Kamp Ateşi Ziyafeti

Güneş batıyordu, yabani çiçeklerle dolu çayıra sıcak altın bir ışık yayıyordu. Mia haftalardır bu kamp gezisini dört gözle bekliyordu—şehrin karmaşasından uzak, sadece kuş cıvıltıları ve açık ateşin çıtırtıları eşliğinde. Her şeyi hazırlamıştı: çadır, uyku tulumları ve tabii ki güvenilir dökme demir tava.
Ateş çatırdamaya başlayınca, Mia kamp ateşi halkasını kurdu ve odunları dikkatlice yerleştirdi, eşit yanmalarını sağlamak için. Arkadaşları Emma ve Jake, tutuşturucu topluyor ve akşam yemekleri için malzemeleri hazırlıyordu. Yıldızların altında yemek pişirme zamanıydı.
"Bu gece doyurucu bir güveç düşünüyorum," dedi Mia, sırt çantasından bir dökme demir Dutch oven çıkardı. "Zengin ve lezzetli bir şey."
Her zaman ızgara ustası olan Jake kaşını kaldırdı. "Biliyorsun, ben ateşte pişmiş etten yanayım, değil mi?"
Mia sırıtıyordu. "Sorun değil, onu da hallettim. Bu gece tam bir ziyafet yapıyoruz."
Ateş parlayan közlere dönüşürken, Mia Dutch oven'ını ateşin üzerine koydu. Sarımsak, soğan ve taze otların kokusu havayı doldurdu, sebzeleri yağda sote ederken dökme demir güzelce cızırdıyordu. Yumuşak tavuk parçaları, havuç ve patates ekledi, tatların karışıp derinleşmesine izin verdi.
Yardım etmeye hevesli Emma, tencereye birkaç dal biberiye attı, Jake ise kaburga için ızgarayı hazırlıyordu. Mia ona döndü, kaşını kaldırarak. "Peki, kaburgalarını nasıl seversin—isli mi yoksa yanmış mı?"

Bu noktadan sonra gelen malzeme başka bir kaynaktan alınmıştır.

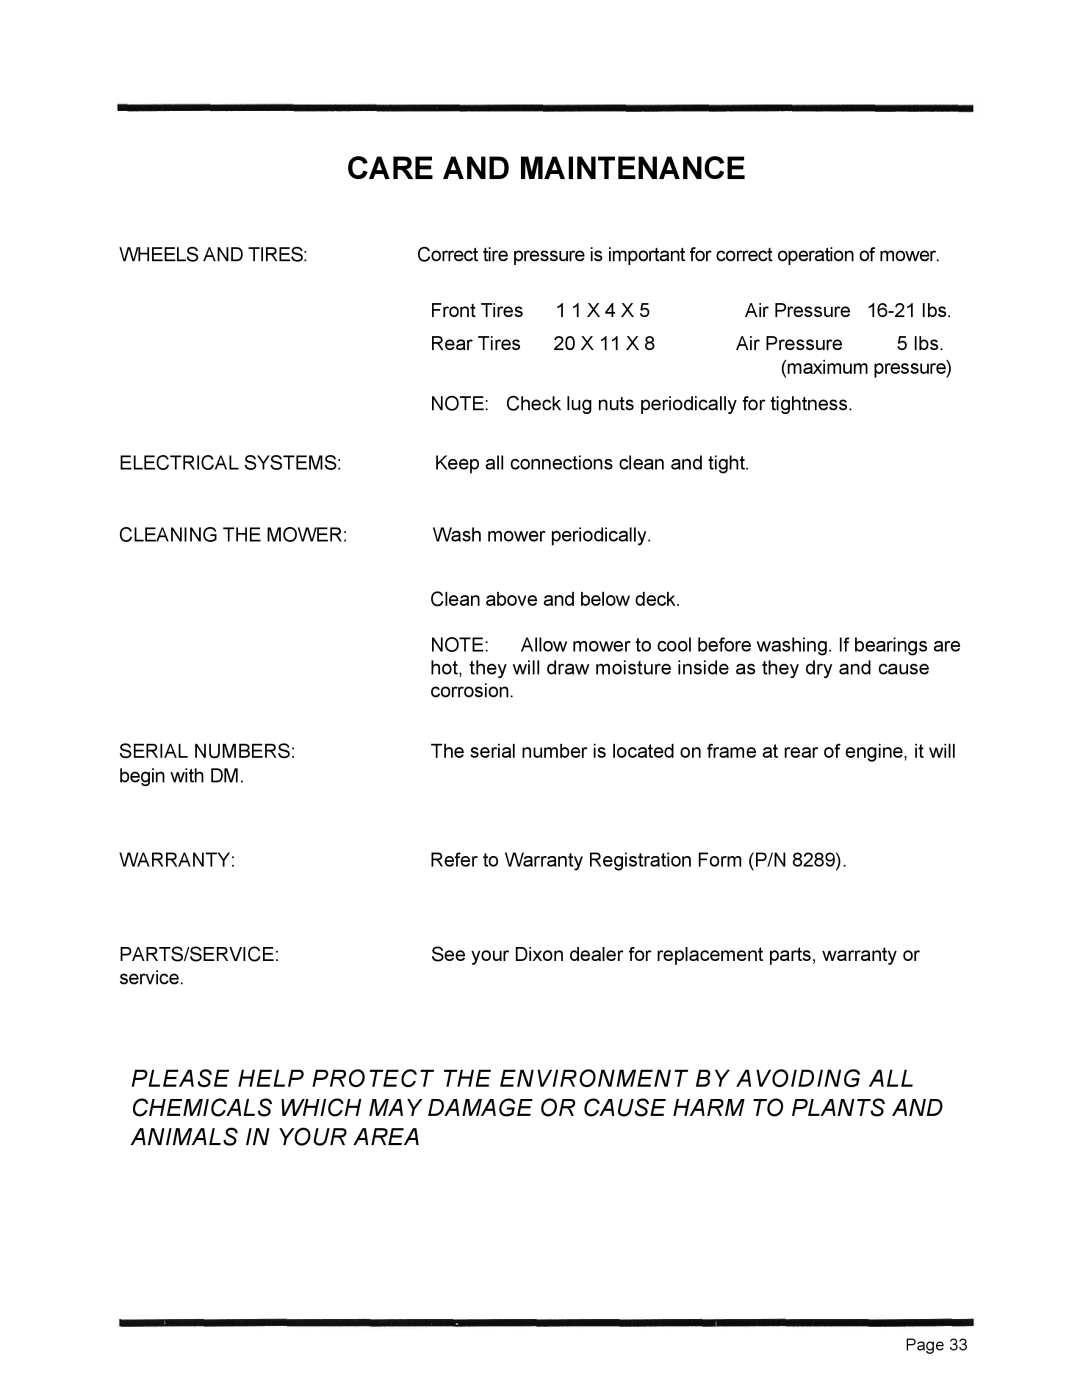 Dixon 6601 Series manual Care And Maintenance

"İsli ve mükemmel, lütfen," diye yanıtladı Jake göz kırparak, ızgarayı ateşledi.
Mia güvecine döndü, bir tutam şarap ve biraz tuz ekledi. Dutch oven'ın kapağını kapattı, ateş titrerken yavaşça kaynamasına izin verdi. Ateşin sıcaklığı ve güvecin zengin aroması, onu vahşi doğanın ortasında bile evinde hissettirdi.
Akşam ilerledikçe, ateşin etrafında paylaşılan her kahkaha ve hikayeyle yıldızlar daha da parlıyor gibiydi. Jake'in kaburgaları cızırdıyor, Emma taze pişmiş mısır ekmeğini dağıtıyor ve güveç dökme demirde nazikçe kaynamaya devam ediyordu.

Hepsi ateşin etrafında toplandı, tabaklar yiyeceklerle doluydu. Güveç mükemmeldi, zengin ve rahatlatıcıydı, isli kaburga ise cesur bir kontrast katıyordu. Yediler, güldüler ve gecenin büyüsüne kapıldılar.
"Sanırım bu benim yeni favori pişirme şeklim," dedi Emma, yüzü ateş ışığında parıldıyordu. "Dökme demir açık hava yemekleri için mükemmel."
Mia gülümsedi, anın tadını çıkarıyordu. "Açık ateşte yemek pişirmenin bir başka havası var. Gerçek gibi geliyor..."
Ve ateş çatırdarken, hepsi hemfikirdi: iyi yemek ve harika arkadaşlığın sıcaklığıyla beslenen bu açık hava yemek macerası, asla unutamayacakları bir deneyimdi.